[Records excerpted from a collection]
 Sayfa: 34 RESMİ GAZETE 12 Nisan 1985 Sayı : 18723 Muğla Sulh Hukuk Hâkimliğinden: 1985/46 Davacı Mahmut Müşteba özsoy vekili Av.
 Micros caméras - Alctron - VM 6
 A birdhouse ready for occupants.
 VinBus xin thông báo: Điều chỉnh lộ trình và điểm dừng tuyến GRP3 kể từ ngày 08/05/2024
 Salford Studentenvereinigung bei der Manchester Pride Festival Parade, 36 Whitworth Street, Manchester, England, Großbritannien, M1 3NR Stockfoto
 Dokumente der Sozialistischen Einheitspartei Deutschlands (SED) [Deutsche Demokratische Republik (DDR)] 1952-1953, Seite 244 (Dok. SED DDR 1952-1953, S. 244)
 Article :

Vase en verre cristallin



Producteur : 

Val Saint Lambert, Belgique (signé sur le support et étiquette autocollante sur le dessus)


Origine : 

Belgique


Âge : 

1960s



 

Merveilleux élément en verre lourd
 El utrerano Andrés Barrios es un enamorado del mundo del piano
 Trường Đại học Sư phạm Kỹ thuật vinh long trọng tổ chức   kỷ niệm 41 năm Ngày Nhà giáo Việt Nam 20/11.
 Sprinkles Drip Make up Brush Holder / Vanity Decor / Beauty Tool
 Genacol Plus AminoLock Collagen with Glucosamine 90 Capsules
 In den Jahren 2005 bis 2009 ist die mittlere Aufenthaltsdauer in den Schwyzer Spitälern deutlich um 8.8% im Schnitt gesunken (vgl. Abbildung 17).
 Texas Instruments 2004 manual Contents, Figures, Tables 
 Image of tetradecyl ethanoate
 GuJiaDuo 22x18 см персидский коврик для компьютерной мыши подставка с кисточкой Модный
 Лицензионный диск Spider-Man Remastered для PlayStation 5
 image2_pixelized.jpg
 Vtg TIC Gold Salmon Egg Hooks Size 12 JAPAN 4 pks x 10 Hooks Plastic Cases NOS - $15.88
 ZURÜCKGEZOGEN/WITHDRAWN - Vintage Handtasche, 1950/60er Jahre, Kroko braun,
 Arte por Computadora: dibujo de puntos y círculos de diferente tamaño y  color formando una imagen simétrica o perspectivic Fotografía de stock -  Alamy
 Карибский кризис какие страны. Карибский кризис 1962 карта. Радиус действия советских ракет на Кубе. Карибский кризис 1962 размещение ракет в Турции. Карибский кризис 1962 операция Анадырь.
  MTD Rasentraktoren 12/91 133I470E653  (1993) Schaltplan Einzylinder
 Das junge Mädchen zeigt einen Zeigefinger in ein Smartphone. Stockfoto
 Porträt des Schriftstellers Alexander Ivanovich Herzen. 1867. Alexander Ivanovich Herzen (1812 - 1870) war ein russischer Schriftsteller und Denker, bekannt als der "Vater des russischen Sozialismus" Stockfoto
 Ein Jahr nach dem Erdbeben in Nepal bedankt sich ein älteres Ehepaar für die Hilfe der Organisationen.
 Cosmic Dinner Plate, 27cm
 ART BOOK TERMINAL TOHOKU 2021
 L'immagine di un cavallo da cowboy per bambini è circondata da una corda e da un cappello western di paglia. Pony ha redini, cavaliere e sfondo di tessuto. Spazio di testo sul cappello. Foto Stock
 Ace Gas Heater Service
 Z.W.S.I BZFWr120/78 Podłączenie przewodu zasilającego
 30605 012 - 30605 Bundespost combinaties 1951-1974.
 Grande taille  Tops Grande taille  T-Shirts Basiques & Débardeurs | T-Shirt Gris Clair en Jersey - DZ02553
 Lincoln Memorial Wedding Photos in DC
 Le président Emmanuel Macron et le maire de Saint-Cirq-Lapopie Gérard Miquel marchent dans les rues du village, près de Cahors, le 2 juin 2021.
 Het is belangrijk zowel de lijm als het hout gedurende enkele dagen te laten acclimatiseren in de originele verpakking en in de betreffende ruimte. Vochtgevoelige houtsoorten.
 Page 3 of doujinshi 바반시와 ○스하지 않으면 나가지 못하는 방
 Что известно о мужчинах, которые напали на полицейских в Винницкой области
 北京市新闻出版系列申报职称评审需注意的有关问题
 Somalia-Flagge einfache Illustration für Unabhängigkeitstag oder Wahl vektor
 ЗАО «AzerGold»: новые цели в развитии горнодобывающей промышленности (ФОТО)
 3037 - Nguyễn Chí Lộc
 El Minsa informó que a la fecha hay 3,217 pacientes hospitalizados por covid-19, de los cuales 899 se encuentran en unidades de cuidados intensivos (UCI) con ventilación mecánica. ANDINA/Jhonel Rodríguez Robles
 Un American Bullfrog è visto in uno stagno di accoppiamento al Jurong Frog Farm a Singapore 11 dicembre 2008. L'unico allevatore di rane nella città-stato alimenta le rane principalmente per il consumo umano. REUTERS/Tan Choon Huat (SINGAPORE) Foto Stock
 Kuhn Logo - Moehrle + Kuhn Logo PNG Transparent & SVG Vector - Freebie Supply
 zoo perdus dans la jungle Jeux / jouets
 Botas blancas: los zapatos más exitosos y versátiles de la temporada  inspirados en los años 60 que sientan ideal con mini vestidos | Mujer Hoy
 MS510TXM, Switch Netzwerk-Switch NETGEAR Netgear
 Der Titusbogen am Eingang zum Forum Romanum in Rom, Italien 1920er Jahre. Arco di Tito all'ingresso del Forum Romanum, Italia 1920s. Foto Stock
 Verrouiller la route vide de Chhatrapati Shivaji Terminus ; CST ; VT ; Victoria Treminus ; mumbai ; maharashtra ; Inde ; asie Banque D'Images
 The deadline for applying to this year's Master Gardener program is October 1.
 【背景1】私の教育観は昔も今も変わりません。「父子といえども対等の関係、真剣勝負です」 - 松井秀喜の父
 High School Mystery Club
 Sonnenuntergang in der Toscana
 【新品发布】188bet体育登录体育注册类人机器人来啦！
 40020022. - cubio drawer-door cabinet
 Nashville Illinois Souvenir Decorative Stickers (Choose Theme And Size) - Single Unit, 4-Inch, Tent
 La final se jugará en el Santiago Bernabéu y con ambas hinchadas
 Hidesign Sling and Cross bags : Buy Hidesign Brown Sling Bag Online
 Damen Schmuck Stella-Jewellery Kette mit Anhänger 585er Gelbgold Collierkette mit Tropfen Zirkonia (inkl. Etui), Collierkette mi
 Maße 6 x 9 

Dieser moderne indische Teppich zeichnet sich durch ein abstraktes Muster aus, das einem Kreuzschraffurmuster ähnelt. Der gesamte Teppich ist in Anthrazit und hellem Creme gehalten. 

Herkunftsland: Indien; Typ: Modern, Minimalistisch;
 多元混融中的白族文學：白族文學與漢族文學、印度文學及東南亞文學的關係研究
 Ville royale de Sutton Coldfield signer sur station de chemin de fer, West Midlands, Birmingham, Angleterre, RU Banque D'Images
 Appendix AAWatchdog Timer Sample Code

§ TASK BRIEF
From the records above, reproduce exactly the lines from the one with "30605 012 - 30605" to the one with "40020022. - cubio drawer-door cabinet", both included, and no others.

§ SOLUTION TO THIS EXERCISE
 30605 012 - 30605 Bundespost combinaties 1951-1974.
 Grande taille  Tops Grande taille  T-Shirts Basiques & Débardeurs | T-Shirt Gris Clair en Jersey - DZ02553
 Lincoln Memorial Wedding Photos in DC
 Le président Emmanuel Macron et le maire de Saint-Cirq-Lapopie Gérard Miquel marchent dans les rues du village, près de Cahors, le 2 juin 2021.
 Het is belangrijk zowel de lijm als het hout gedurende enkele dagen te laten acclimatiseren in de originele verpakking en in de betreffende ruimte. Vochtgevoelige houtsoorten.
 Page 3 of doujinshi 바반시와 ○스하지 않으면 나가지 못하는 방
 Что известно о мужчинах, которые напали на полицейских в Винницкой области
 北京市新闻出版系列申报职称评审需注意的有关问题
 Somalia-Flagge einfache Illustration für Unabhängigkeitstag oder Wahl vektor
 ЗАО «AzerGold»: новые цели в развитии горнодобывающей промышленности (ФОТО)
 3037 - Nguyễn Chí Lộc
 El Minsa informó que a la fecha hay 3,217 pacientes hospitalizados por covid-19, de los cuales 899 se encuentran en unidades de cuidados intensivos (UCI) con ventilación mecánica. ANDINA/Jhonel Rodríguez Robles
 Un American Bullfrog è visto in uno stagno di accoppiamento al Jurong Frog Farm a Singapore 11 dicembre 2008. L'unico allevatore di rane nella città-stato alimenta le rane principalmente per il consumo umano. REUTERS/Tan Choon Huat (SINGAPORE) Foto Stock
 Kuhn Logo - Moehrle + Kuhn Logo PNG Transparent & SVG Vector - Freebie Supply
 zoo perdus dans la jungle Jeux / jouets
 Botas blancas: los zapatos más exitosos y versátiles de la temporada  inspirados en los años 60 que sientan ideal con mini vestidos | Mujer Hoy
 MS510TXM, Switch Netzwerk-Switch NETGEAR Netgear
 Der Titusbogen am Eingang zum Forum Romanum in Rom, Italien 1920er Jahre. Arco di Tito all'ingresso del Forum Romanum, Italia 1920s. Foto Stock
 Verrouiller la route vide de Chhatrapati Shivaji Terminus ; CST ; VT ; Victoria Treminus ; mumbai ; maharashtra ; Inde ; asie Banque D'Images
 The deadline for applying to this year's Master Gardener program is October 1.
 【背景1】私の教育観は昔も今も変わりません。「父子といえども対等の関係、真剣勝負です」 - 松井秀喜の父
 High School Mystery Club
 Sonnenuntergang in der Toscana
 【新品发布】188bet体育登录体育注册类人机器人来啦！
 40020022. - cubio drawer-door cabinet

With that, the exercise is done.